In the records below, find the line with "Comprar Scotland Yard: Edicion", then retype it and every following line exactly, stopping after the line with "Foo Fighters T-Shirt". Leave the pictures out.

_Data supplied:_
* * *

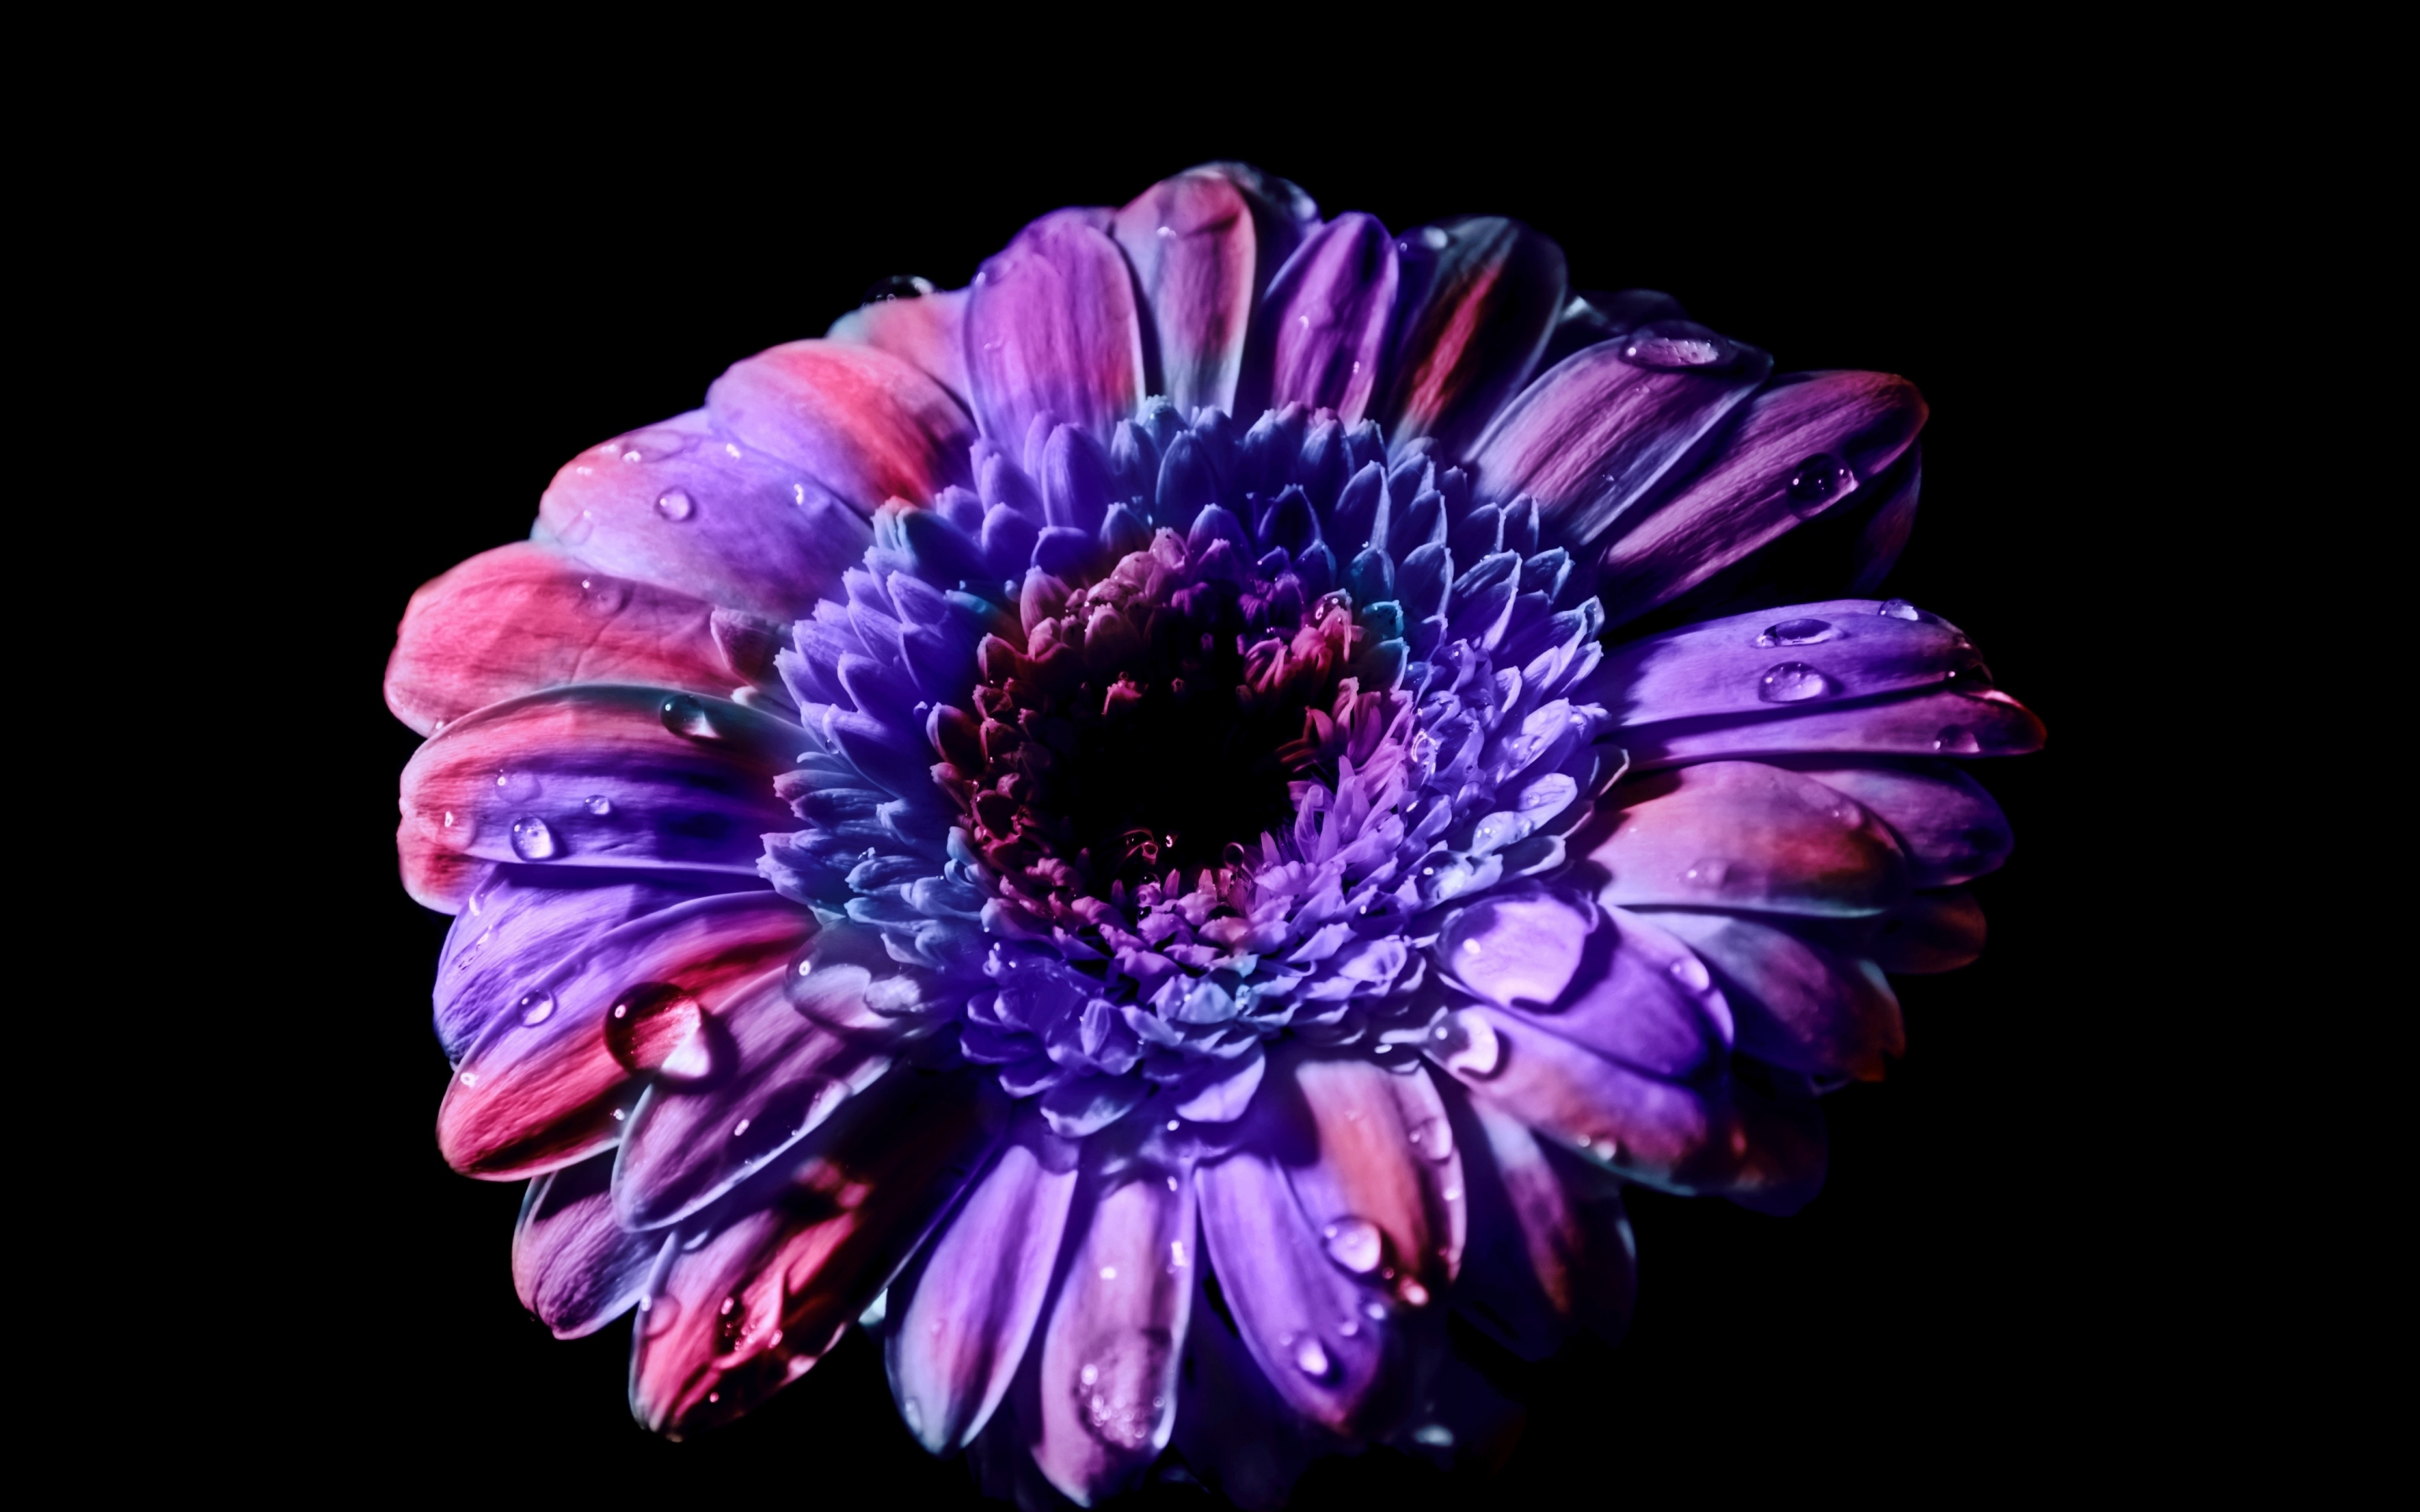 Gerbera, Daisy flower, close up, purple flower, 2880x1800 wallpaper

* * *

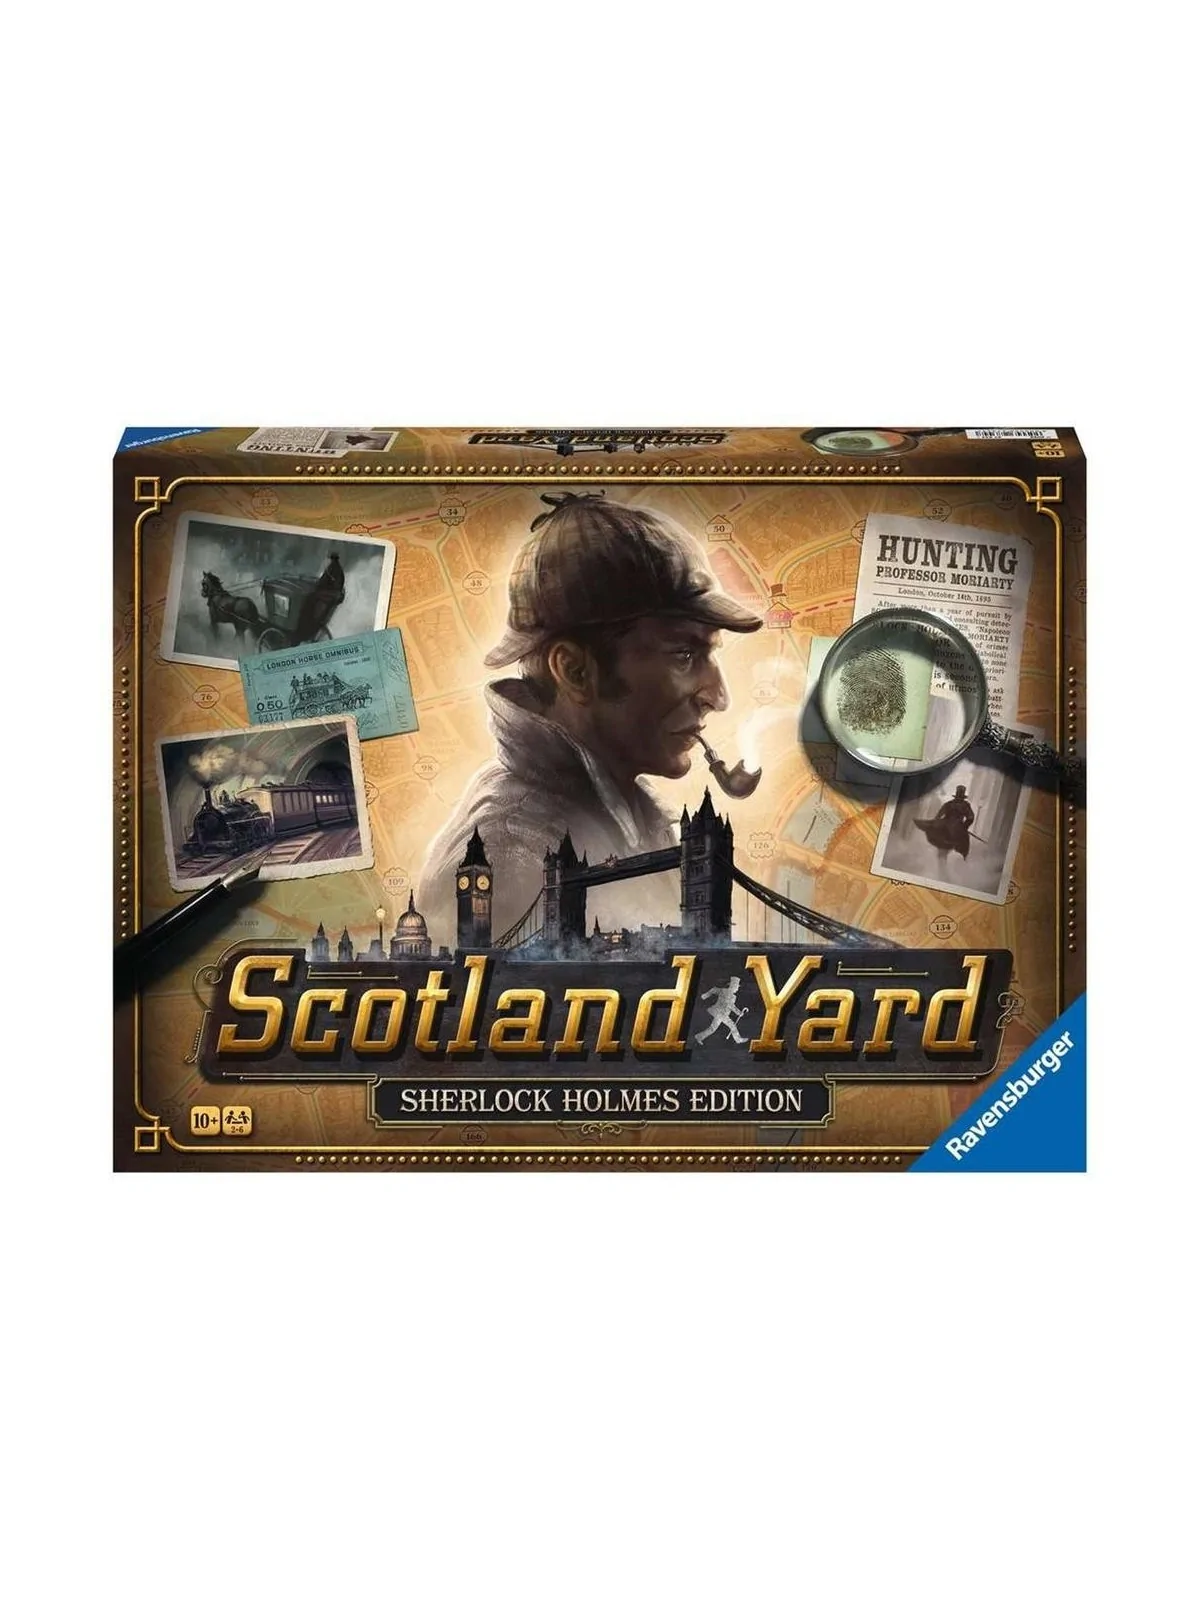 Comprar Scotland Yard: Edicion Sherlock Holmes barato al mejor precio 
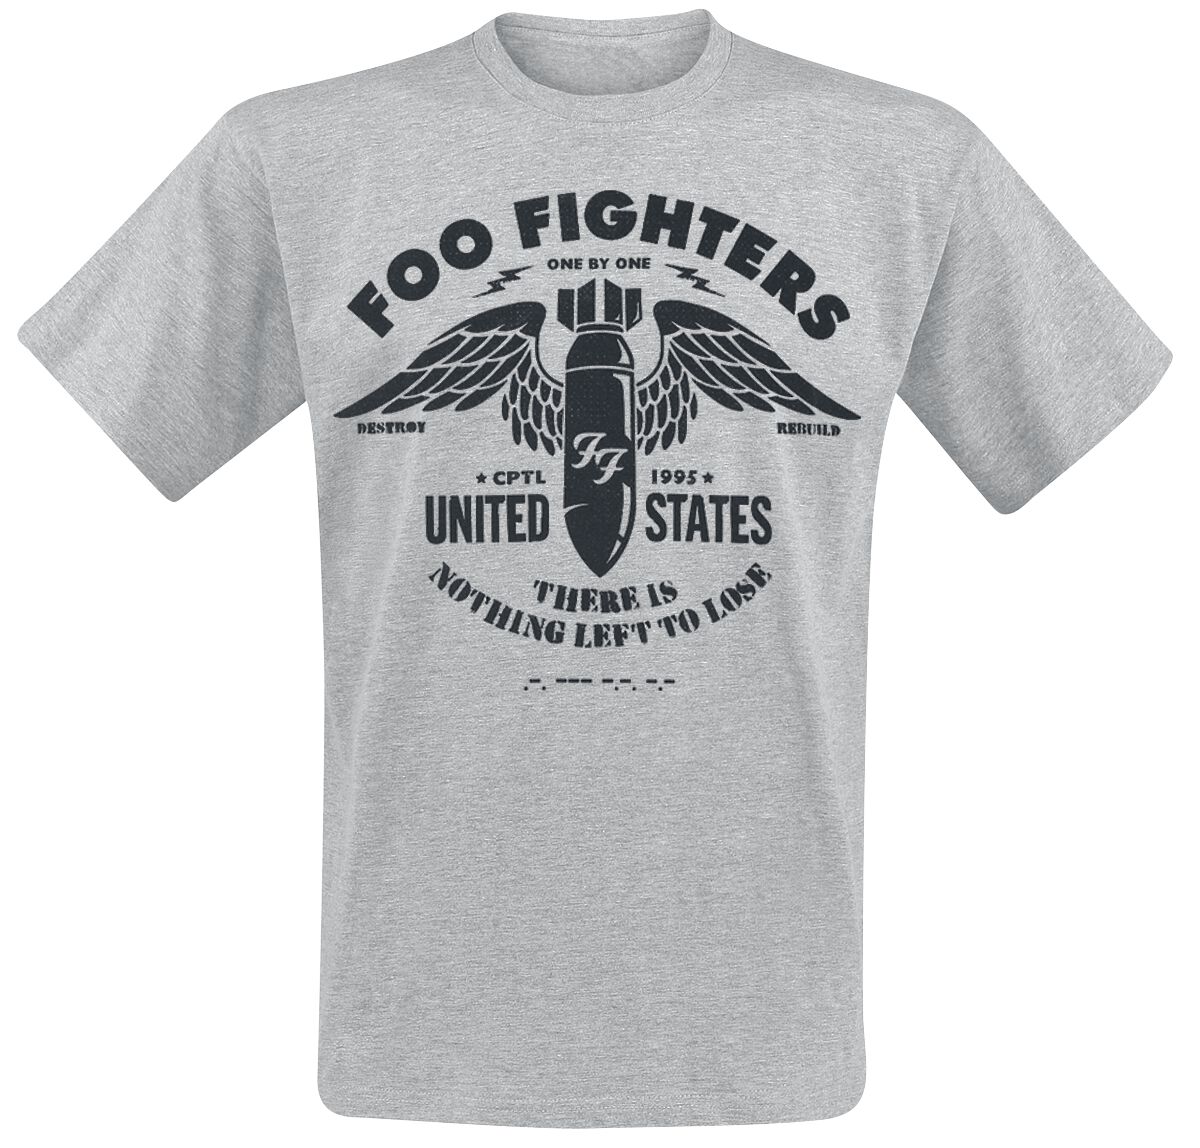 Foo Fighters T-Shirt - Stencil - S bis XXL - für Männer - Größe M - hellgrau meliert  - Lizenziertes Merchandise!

* * *

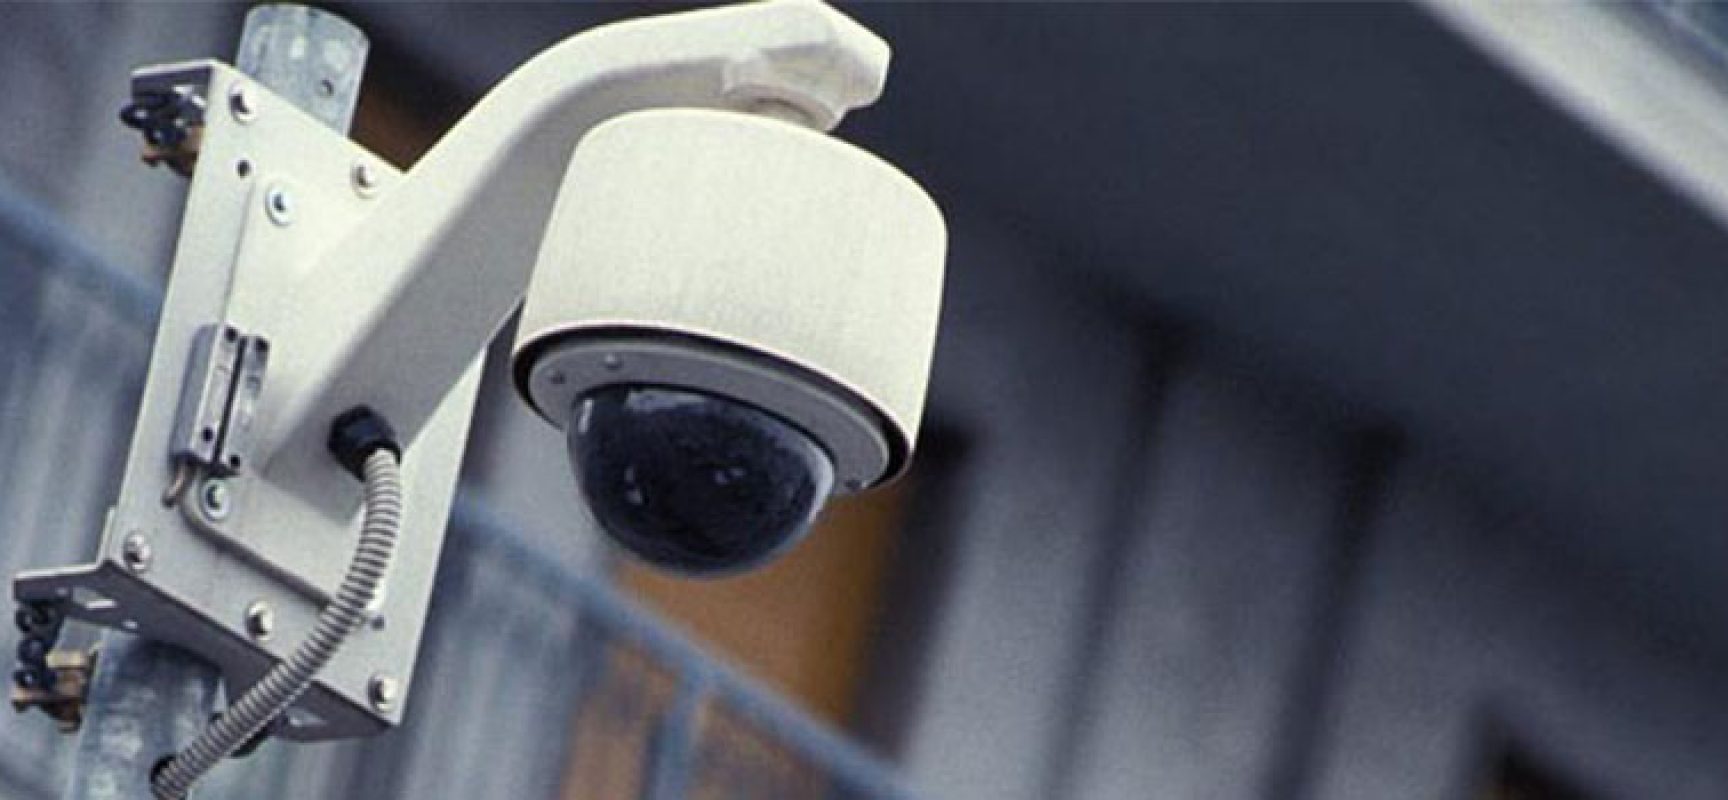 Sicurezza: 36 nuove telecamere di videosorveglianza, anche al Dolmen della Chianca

* * *

_Written solution:_
 Comprar Scotland Yard: Edicion Sherlock Holmes barato al mejor precio 
 Foo Fighters T-Shirt - Stencil - S bis XXL - für Männer - Größe M - hellgrau meliert  - Lizenziertes Merchandise!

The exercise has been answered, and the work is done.